Екатеринбург стал центром скопления богатств. В городе миллионщики селились размашисто. Хвастались друг перед другом удачами. Перекорялись из зависти, плели интриги, распускали сплетни. Сорили легко нажитыми деньгами без цели и смысла. В домах богатеев свивал пыльные тенета закостенелый быт домостроя.

В девятнадцатом веке в Екатеринбурге обитала стая миллионщиков из купечества, в руках которых было зажато золотое счастье Урала. В этой стае водились разные люди по характерам и ухваткам наживы…

Глава четвертая

1

В верстах восьмидесяти от Екатеринбурга на холме раскинулось древнее торговое село. Холм, обрываясь, скалистой кручей нависал над рекой, за которой до самого Екатеринбурга тянулись дремучие леса. На вершине обрыва, в сосновом бору, уже четверть века хоронилась заимка Тимофея Старцева.

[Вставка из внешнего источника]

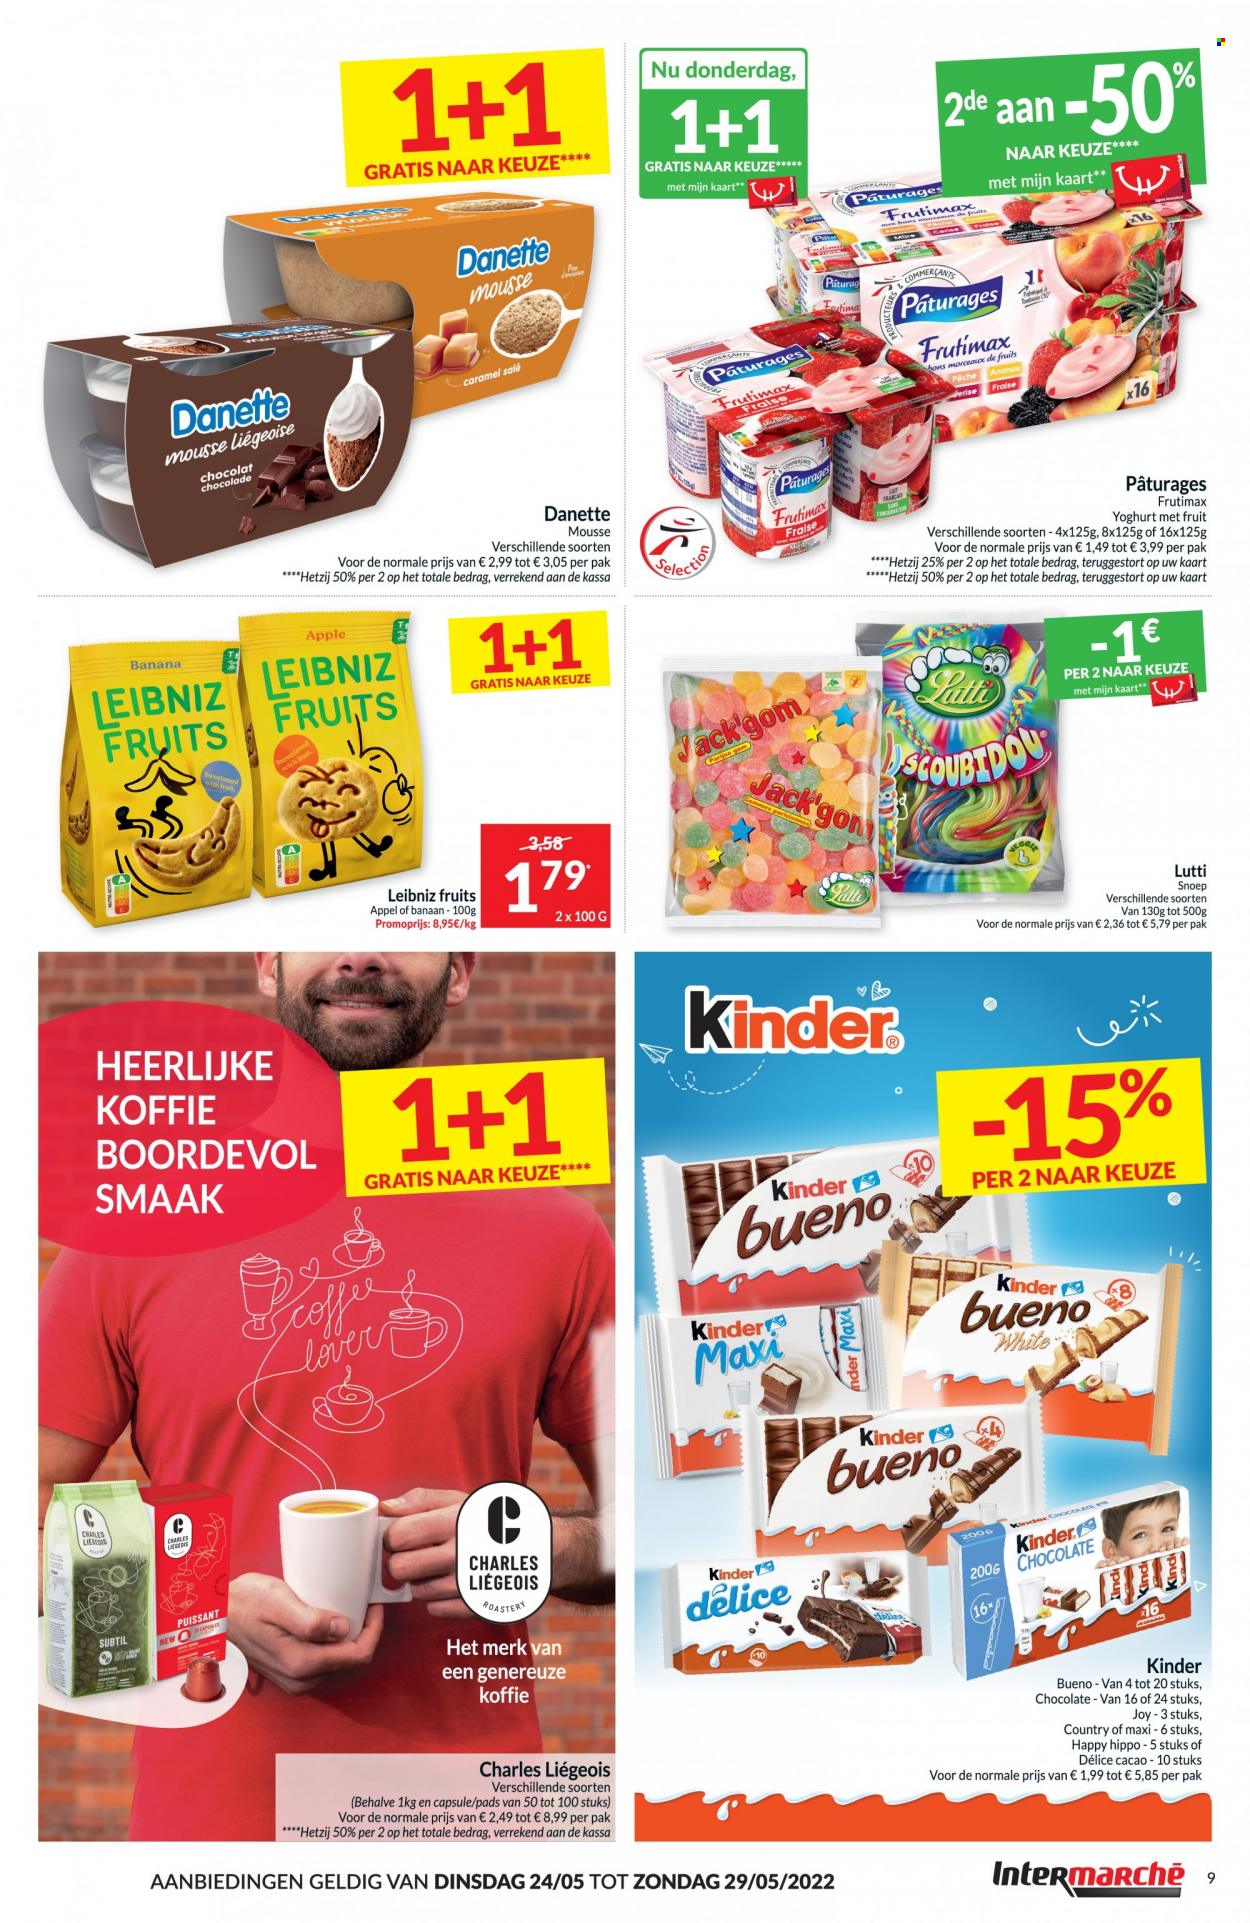 thumbnail - Intermarché-aanbieding - 24/05/2022 - 29/05/2022 -  producten in de aanbieding - banaan, ananas, Danette, yoghurt, chocolade, koffie. Pagina 9.

Хозяин заимки обозначился на Урале года за четыре до Отечественной войны, а род его по древним купеческим корням был новгородским. Он рано схоронил родителей. Потом его захватила золотая лихорадка, и Старцев с небольшими деньгами подался на Каменный пояс. На мокрети золотоносных песков следы его новгородских подборов отпечатались ровно через год после появления в крае.

Горщик Тихон Зырин, повстречавшись со Старцевым на лесной тропе, сдружился с ним, продал ему место со знаками на золото. Старцев, заведя делянки, но не имея понятия о золотом промысле, доверился ловким, продувным зимогорам и в первое же лето зарыл в пески дочиста все свои капиталы.